Após tomar sua decisão, de não cometer o assassinato, Seki vai até um restaurante e volta a refletir sobre suas escolhas, neste momento ele percebe que teve um estalo, pois por muito tempo ele culpou os outros por conta dos erros de sua vida, mas coube a ele escolher os caminhos. Seki diz: “No fim o ressentimento que tive era só ressentimento contra mim mesmo” (ASANO, 2019, p.14), e assim, ele entende que cada pessoa construí e decide a sua própria história, uma vez que está em uma constante relação consigo mesma, com o outro e com o próprio mundo. Nesse sentido, Sartre (1987, p. 21) afirma que “o homem, tal como o existencialista o concebe, só não é passível de uma definição, porque de início, não é nada. Posteriormente ele será aquilo que ele fizer de si mesmo”.

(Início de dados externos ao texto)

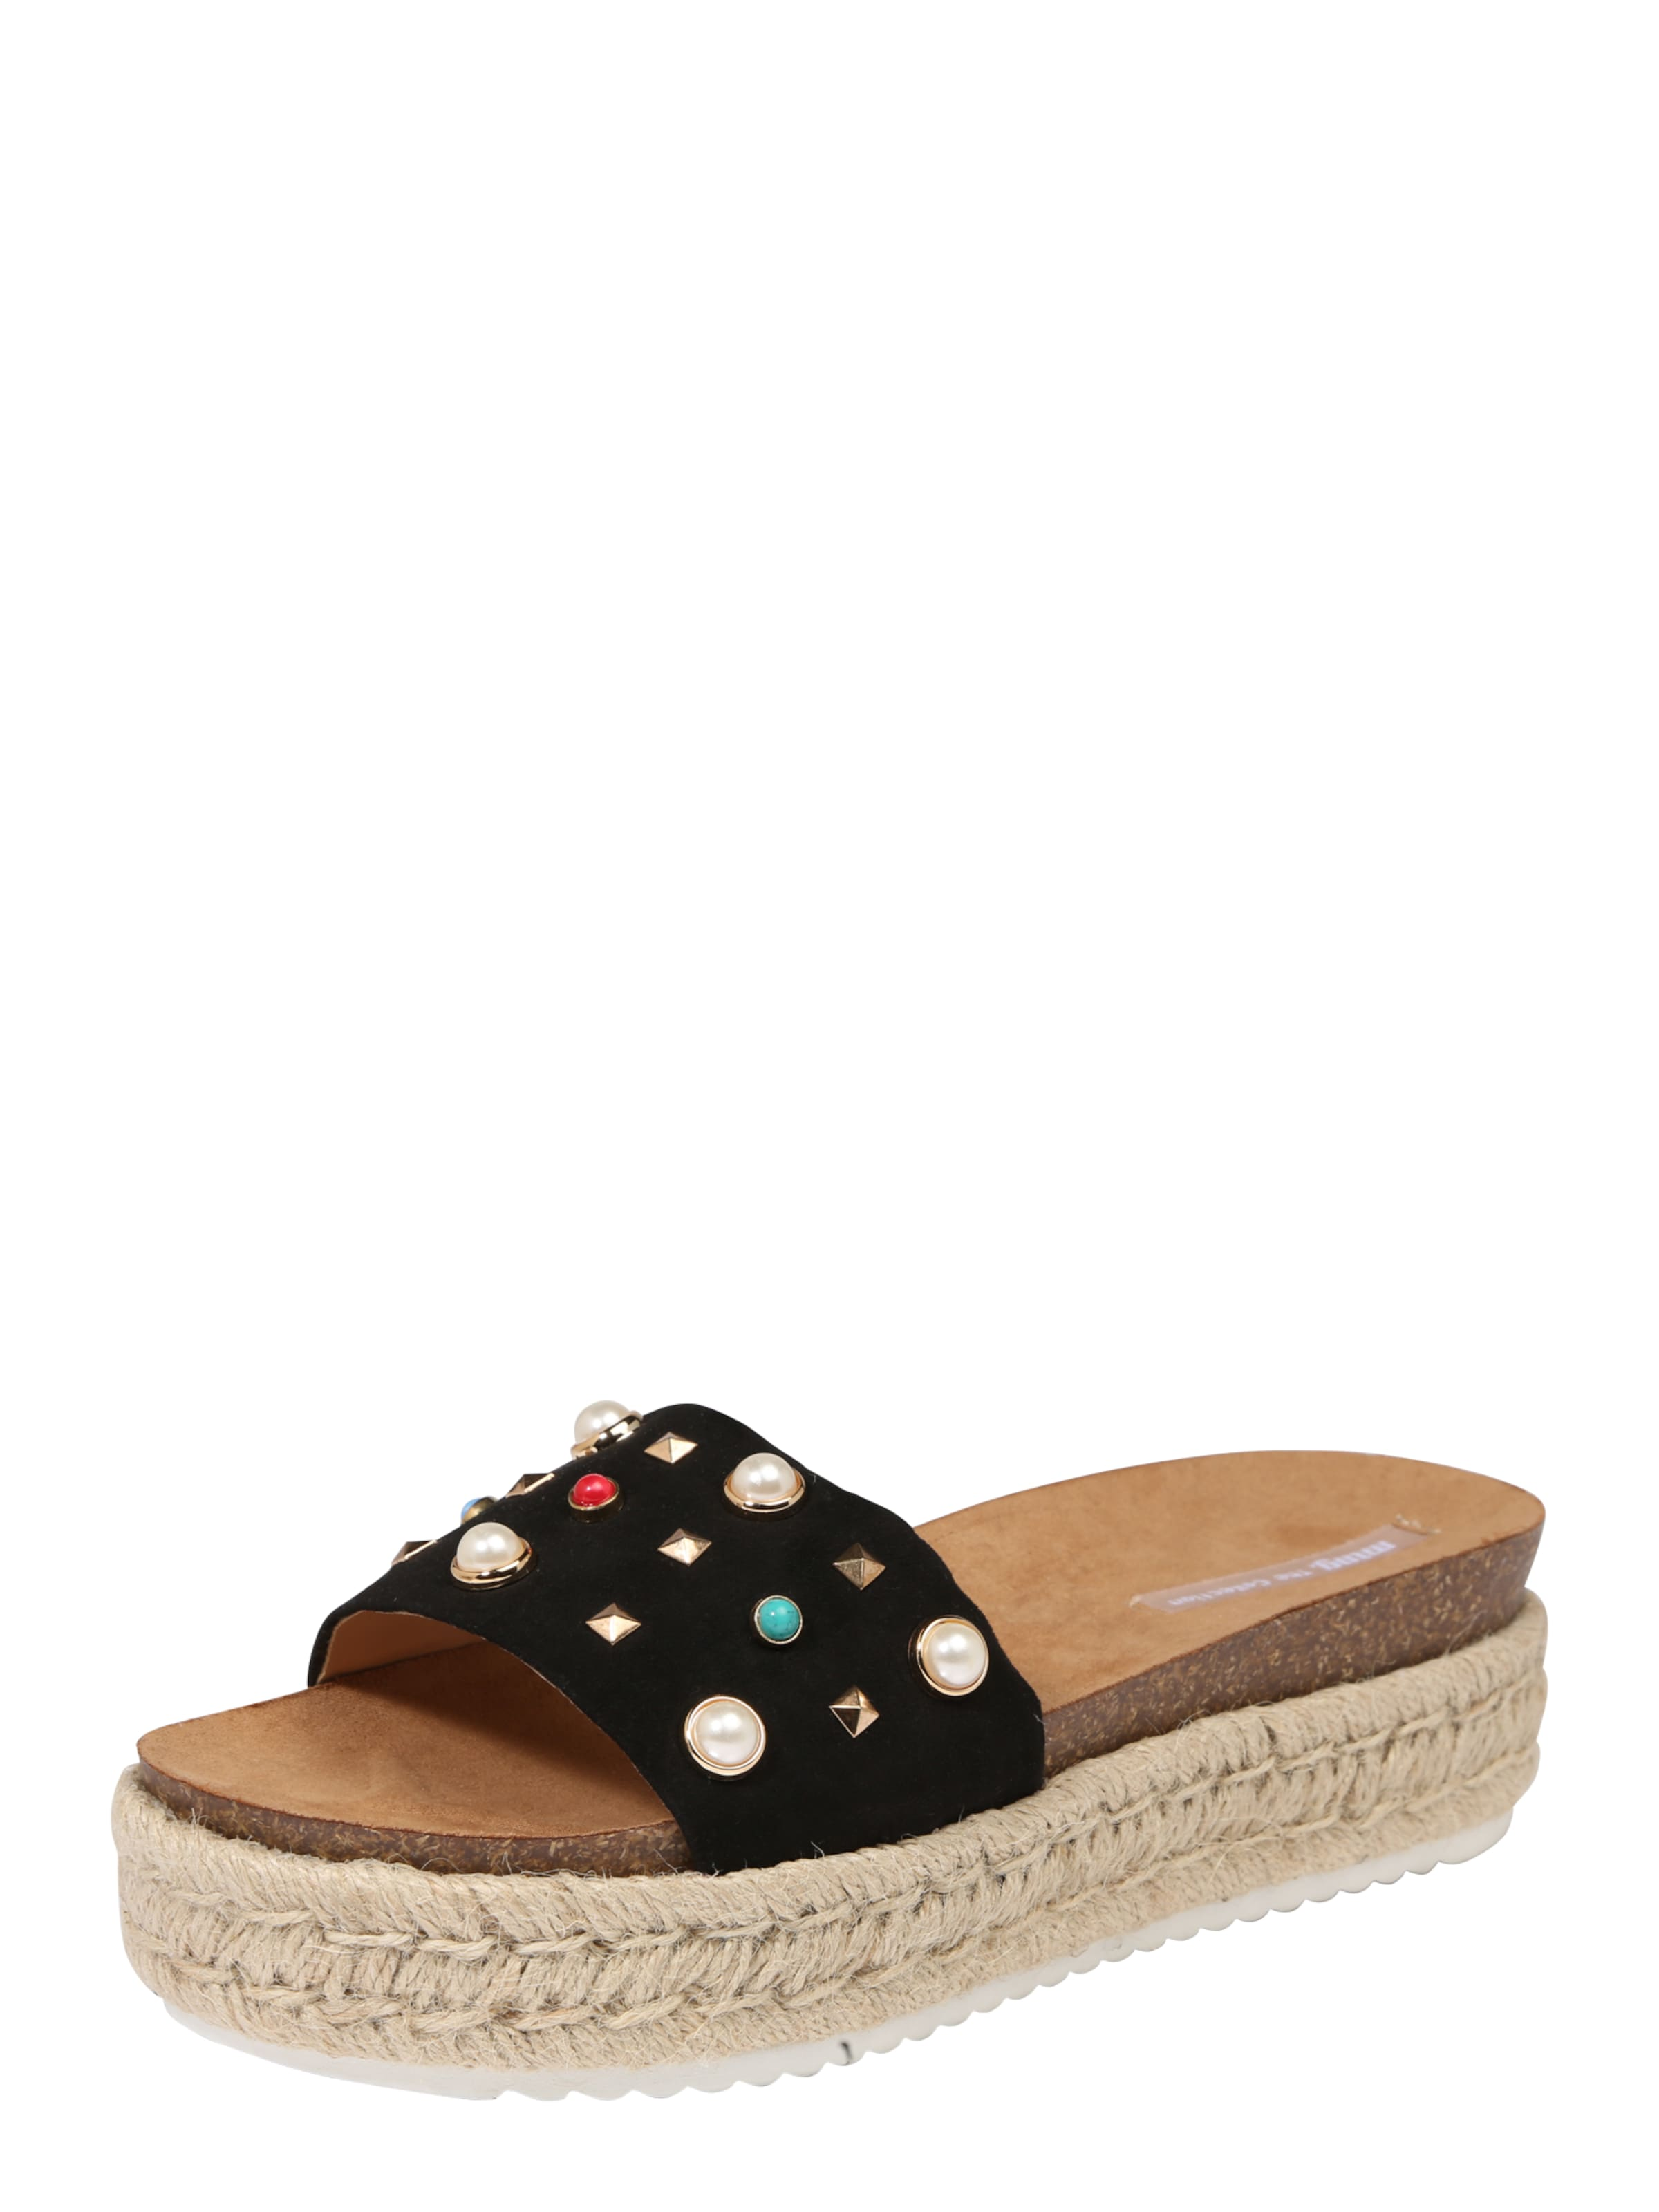 Haltbare   Mode billige Schuhe MTNG   Haltbare Pantoletten 'PERLA' Schuhe Gut getragene Schuhe ee8dcb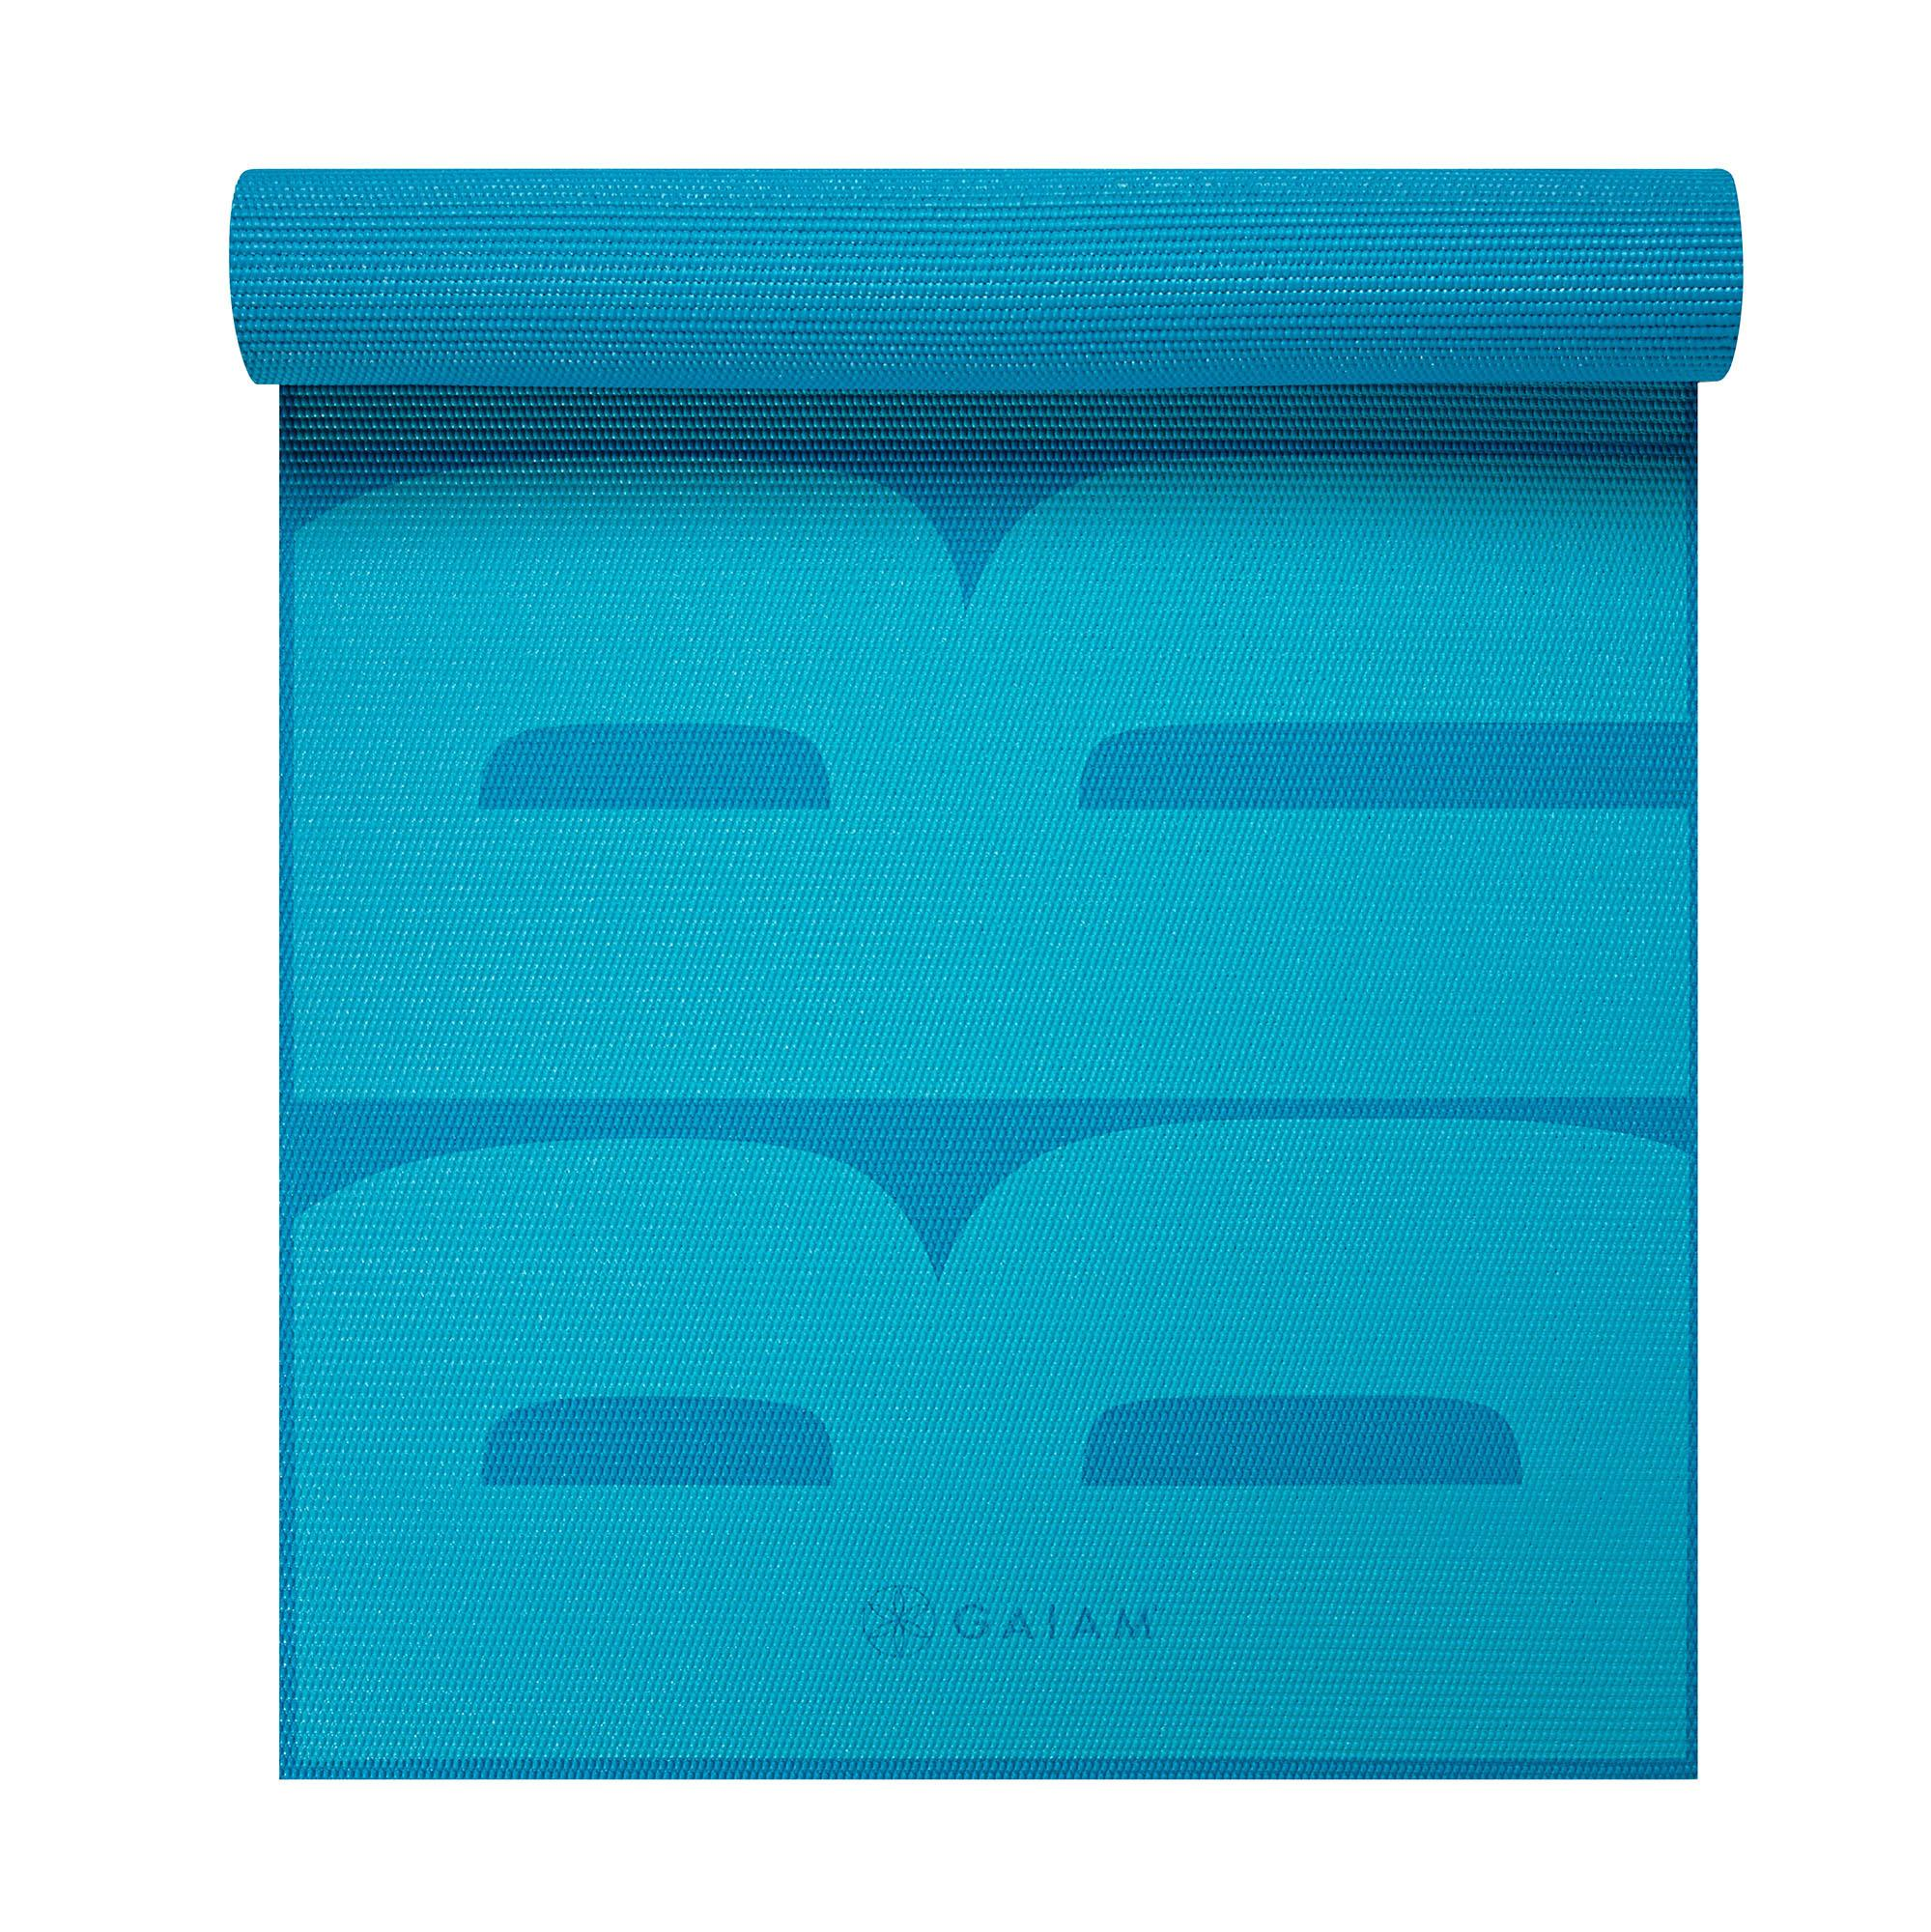 Amazon.com : Gaiam Print Premium Yoga Mats (5mm) : Sports

Sartre (2007) buscava por uma filosofia que não separasse o interior do exterior, e sim estabelecesse uma relação dialética entre eles, então ao se deparar com a fenomenologia de Husserl, onde o objeto e o sujeito estão em uma correlação, e, portanto, não existe uma dicotomia entre o indivíduo e o seu mundo, ele passa a entender o homem em uma correlação, uma vez que na a consciência do sujeito transcende e se dirige para o exterior, significando os objetos em-si percebidos no mundo, os desvelando. Está correlação coloca o homem como passivo das possibilidades de sua existência singular no mundo, pois ela se dá em um contexto que limita e contorna sua liberdade (as facticidades), e sujeito ativo enquanto suas próprias escolhas, frente as condições dadas, pois permitem que ele se aproprie dessa realidade, transcenda e exerça sua liberdade situacional. Nas palavras do filósofo: “O homem, tal como o existencialista o concebe, só não é passível de uma definição, porque de início, não é nada. Posteriormente ele será aquilo que ele fizer de si mesmo” (SARTRE, 1987, p.4). Seki em sua última aparição no mangá entende esta correlação fenomenológica e como ela se dá dentro das limitações de sua liberdade, a partir da vivência ele constrói os próprios significados para o seu mundo, e faz suas escolhas consciente de sua responsabilidade, a má-fé identificada anteriormente em Seki quando se encontrava na estação de trem se cessou, na medida em que o mesmo, tomou consciência de si e questionou a própria existência.